The treatments were placed in 96 well microplates (TPP Cultilab; Campinas, SP, Brazil). The treatments were diluted to obtain a final concentration in each well from 166.50 to 2.6 μg mL−1 for the solutions, and from 1 to 0.01% for the CHX. Then, 100 μL (0.1 mL) of the inoculum suspension to the wells was added. The columns were filled with suspensions as follows: microdilutions of the treatments, culture media control (negative control), controls for the treatments, and control for E. faecalis viability (positive control). Five test wells were repeated in each group.

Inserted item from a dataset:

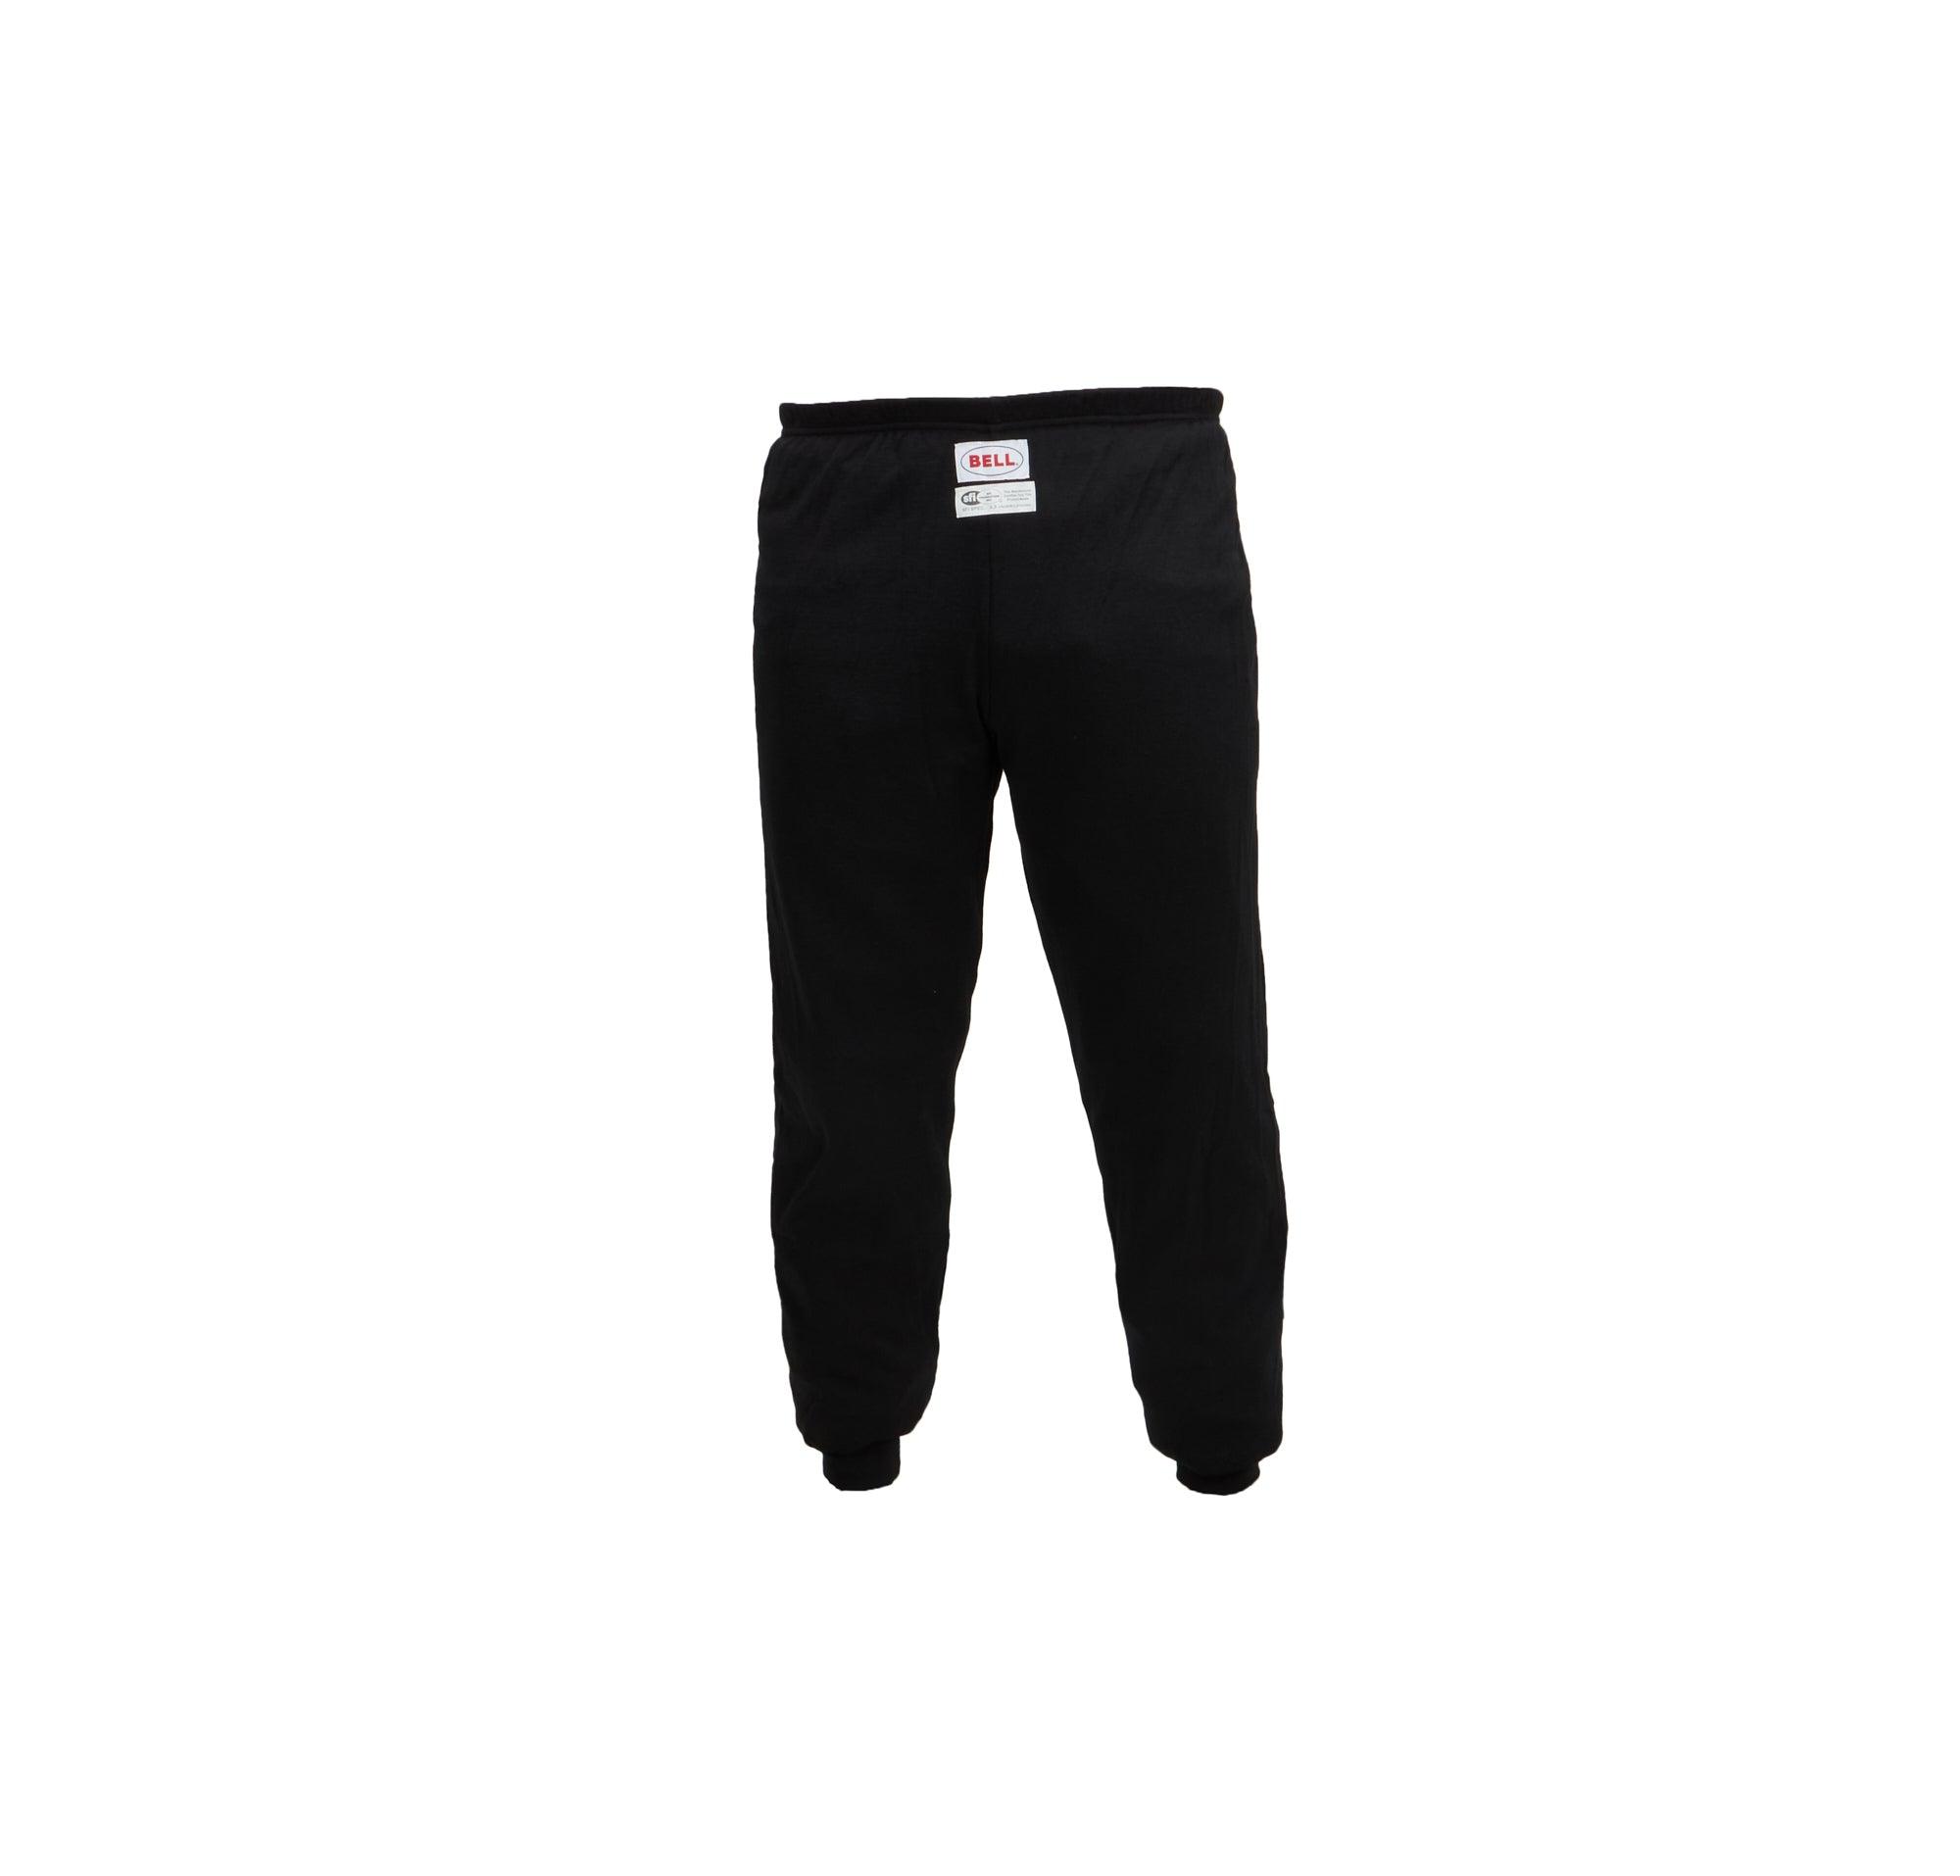 Underwear Bottom SPORT- TX Black XL SFI 3.3/5 - Burlile Performance Products

The plates were incubated at 35 °C for 24 h and were read visually to determine the MIC. When bacterial growth was confirmed, suspensions from each well were transferred into Petri dishes identified and containing nutrient agar. After incubation at 35 °C for 48 h, the presence or absence of bacterial growth was evaluated. The MIC was regarded as the lowest concentration in the series of dilutions, which did not permit the growth of the susceptible bacteria [9]. So, to determine the MIC, we compared the bacterial growth in each well with that in the positive control and that observed in the nutrient agar dishes.
The concentration of the powder products tested was determined by calculating the concentration of the stock standard solution, by using the following formula: amount of product (mg)/volume of the vehicle (mL); thus, 550 mg/1.5 mL ≈ 333 mg mL−1.
Calculation of constant concentrations and volumes was used to determine the initial concentration of the products tested (concentration of the stock standard solution). To calculate the concentration of each dilution, we used the equation of constant concentration and volume (C1 × V1 = C2 × V2). We used the same volume in all wells, and thus, the dilution in each subsequent well was half of that in the previous well; we successively filled all wells in this manner (with the lower concentration tested).